Corals: No Time to Recover
Coral Reefs, the richest source of food in the oceans, also are steadily becoming more vulnerable due to rising temperatures, which bleaches (kills) them. A study published in the same issue of Science that contained the work on ocean oxygen starvation described just how quickly the coral holocaust has developed. “Large-scale coral bleaching events, in which reefs become extremely fragile, were virtually unheard-of before the 1980s. But in the years since… the frequency of coral bleaching has increased to the point that reefs no longer have sufficient recovery time between severe episodes,” wrote Kendra Pierre-Louis and Brad Plummer in the New York Times.

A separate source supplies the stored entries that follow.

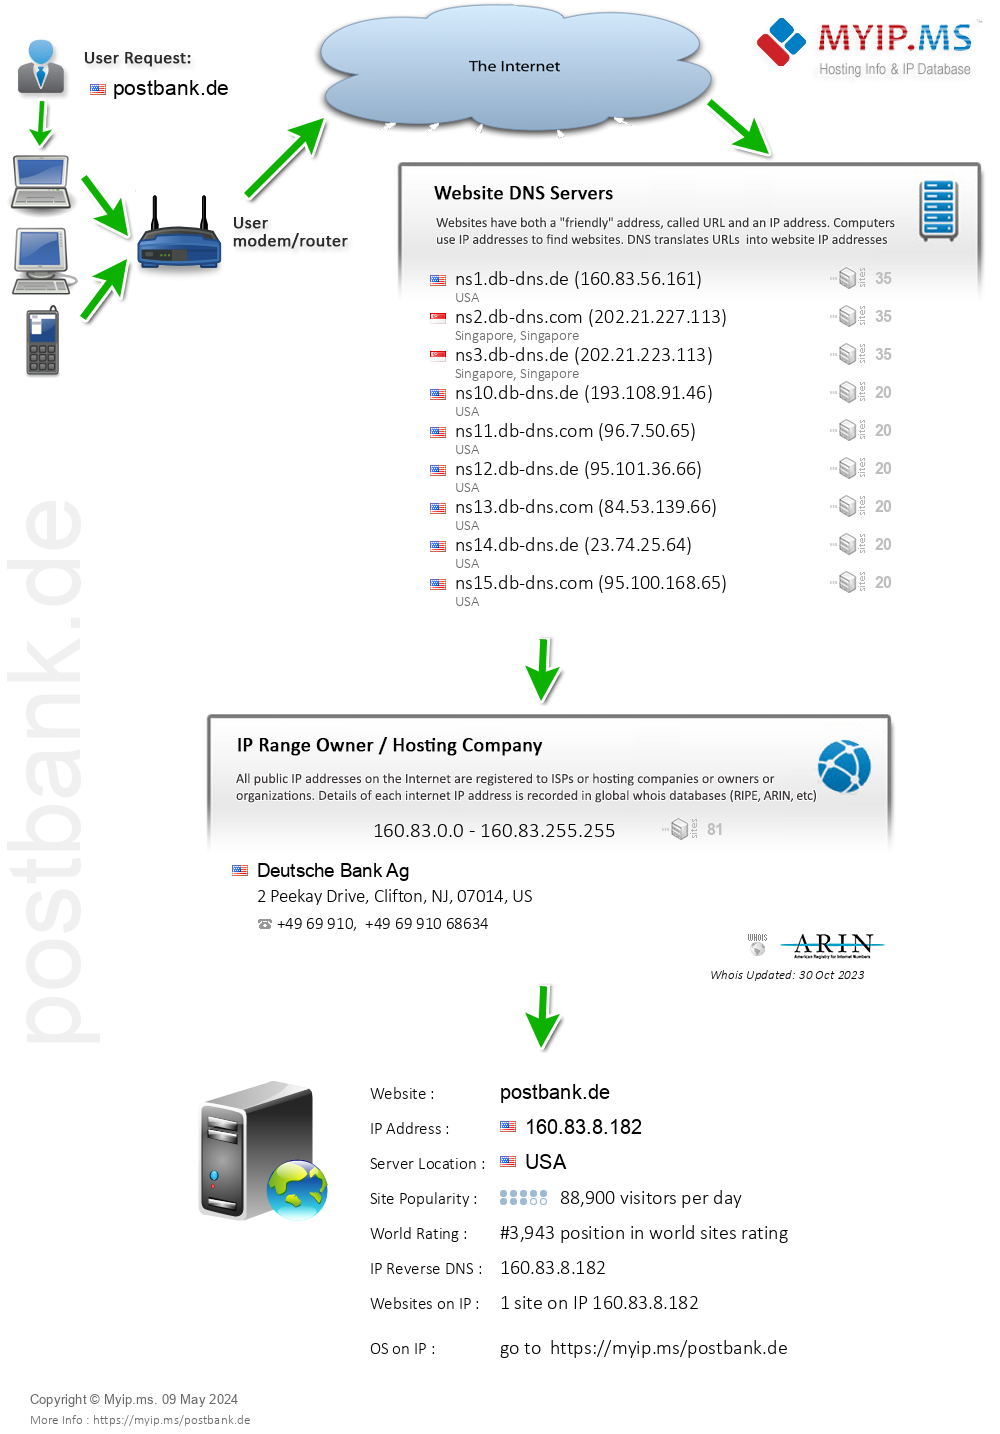 Postbank.de - Website Hosting Visual IP Diagram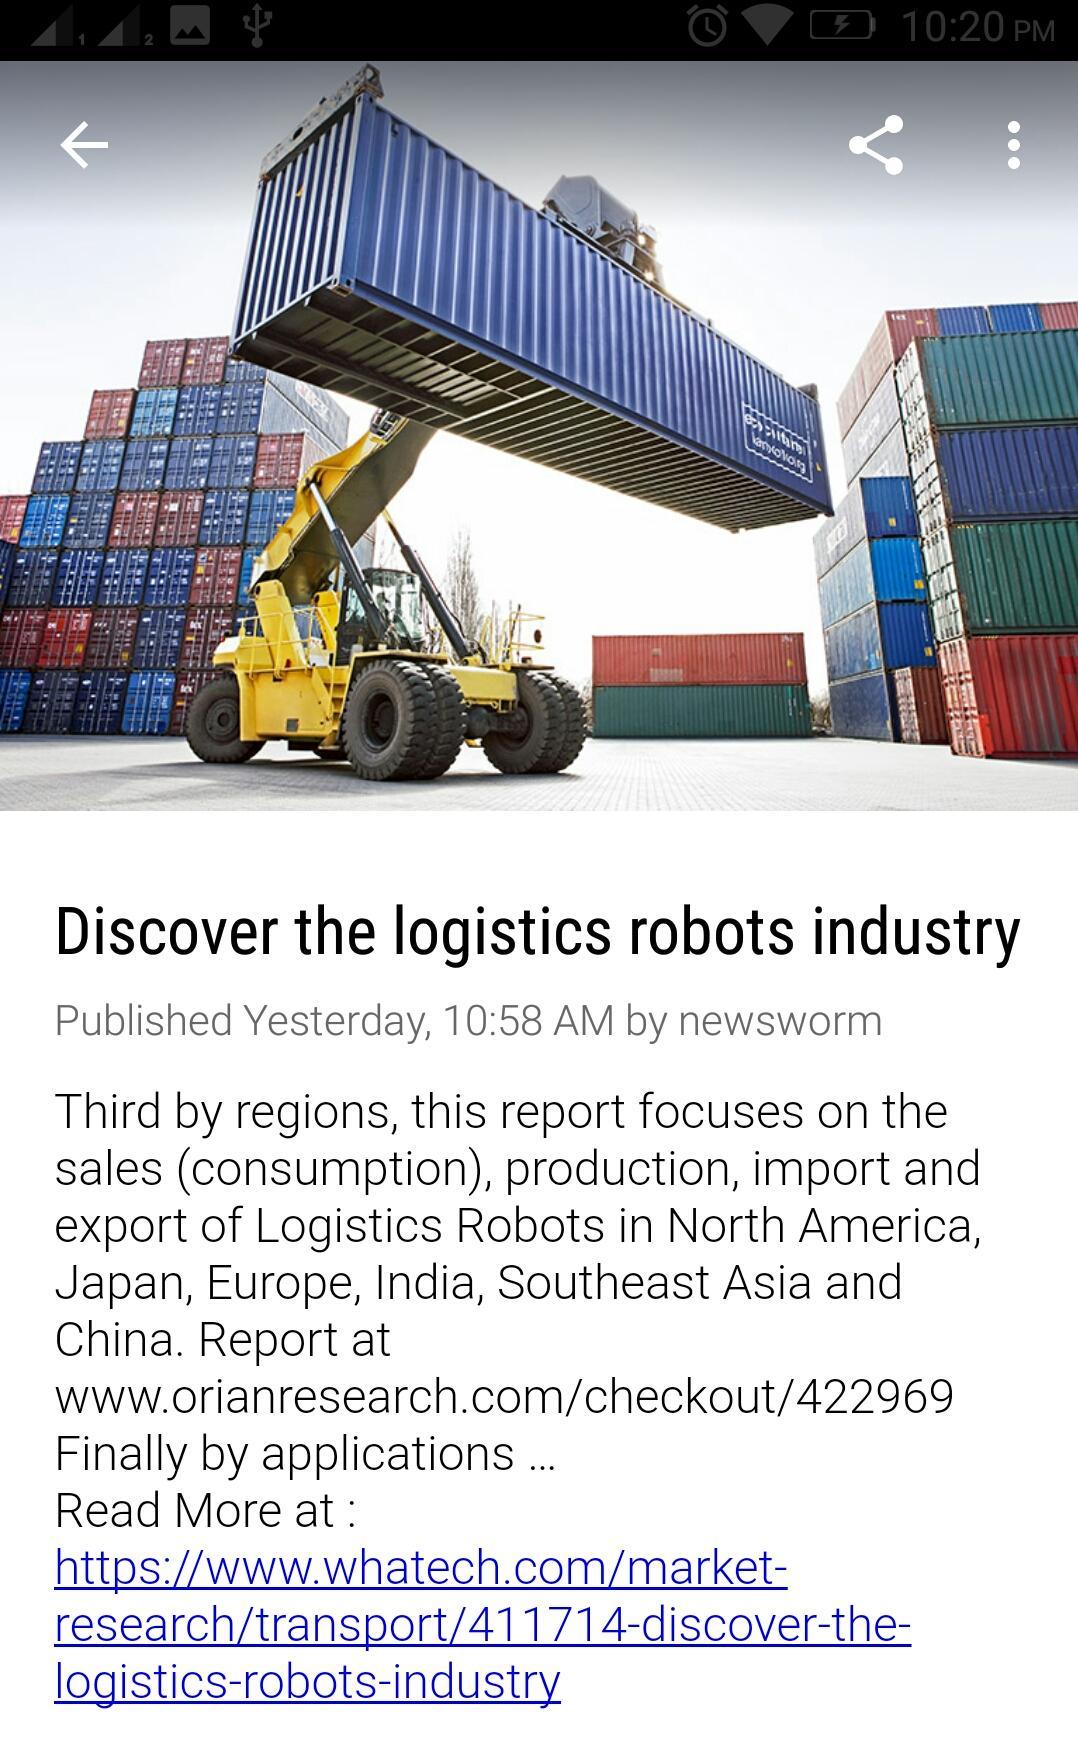 Logistics industry news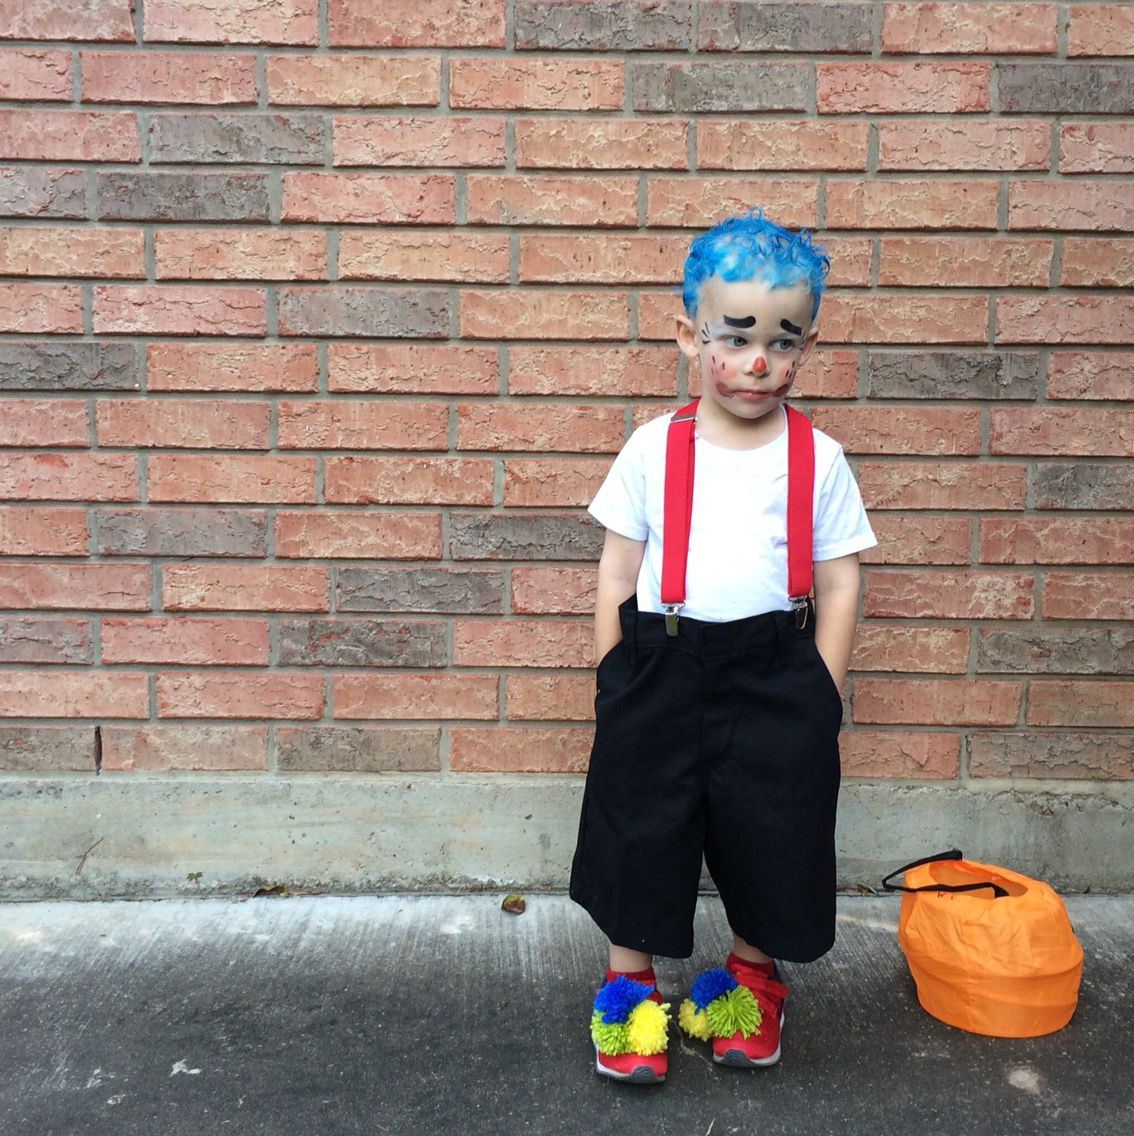 Best ideas about DIY Boys Halloween Costumes
. Save or Pin DIY Kids Boy Clown Halloween Costume Yarn Pom poms Now.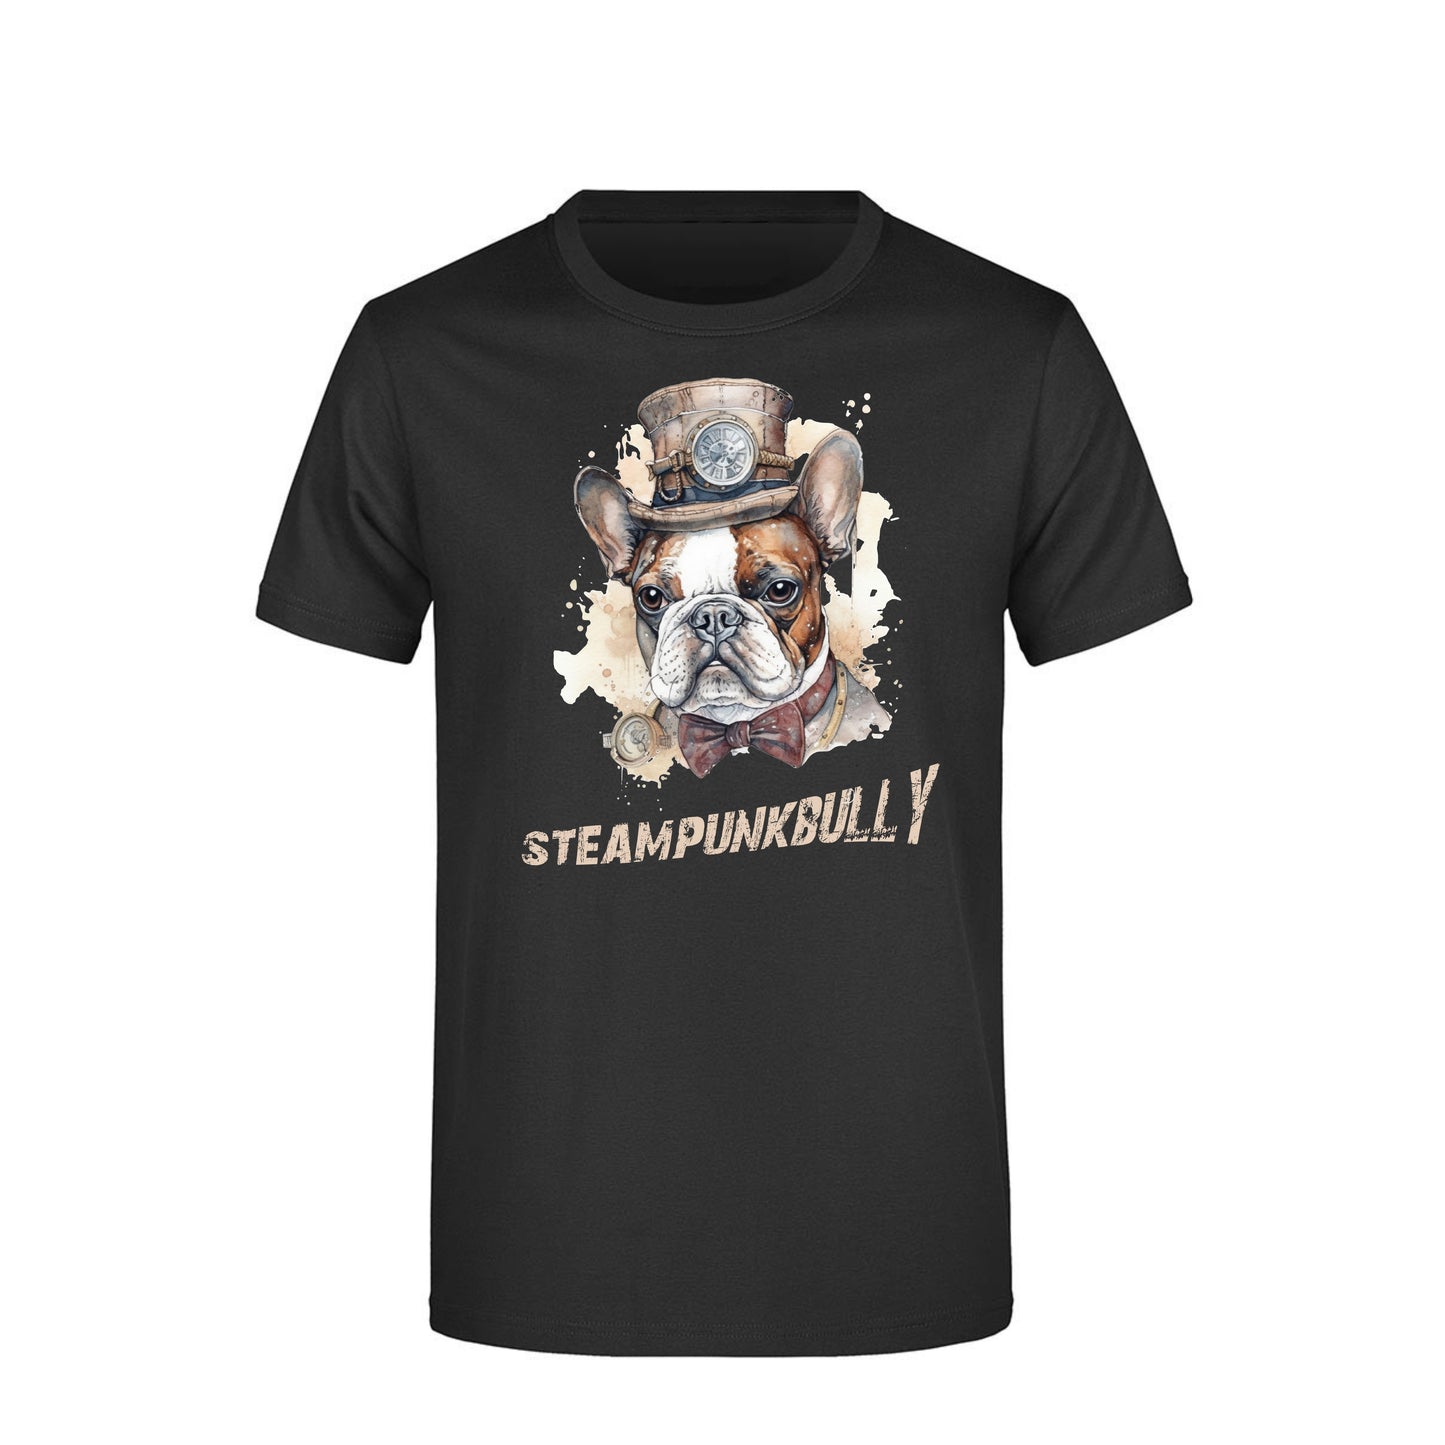 Steampunkbully Shirt Tyson

When coral bleaches, they wrote, “Overheated seawater causes corals to part ways with symbiotic plantlike organisms called zooxanthella that live inside of them. In addition to giving coral reefs their bright colors, zooxanthella also provide corals with oxygen, waste filtration, and up to 90 percent of their energy. Absent zooxanthella, corals not only take on a ghostly pallor, hence the term bleaching, but they are also more susceptible to death.” Given enough time between bleaching events (10 to 15 years), corals can recover. The problem is that as ocean temperatures slowly rise, the intervals allowing recovery at sustainable temperatures are becoming shorter. World-wide bleaching conditions are usually associated with El Nino conditions (the most severe of which have occurred in 1982-1983, 1998, and 2015-2016). These cause ocean temperatures to rise suddenly in tropical ocean waters that contain most coral reefs.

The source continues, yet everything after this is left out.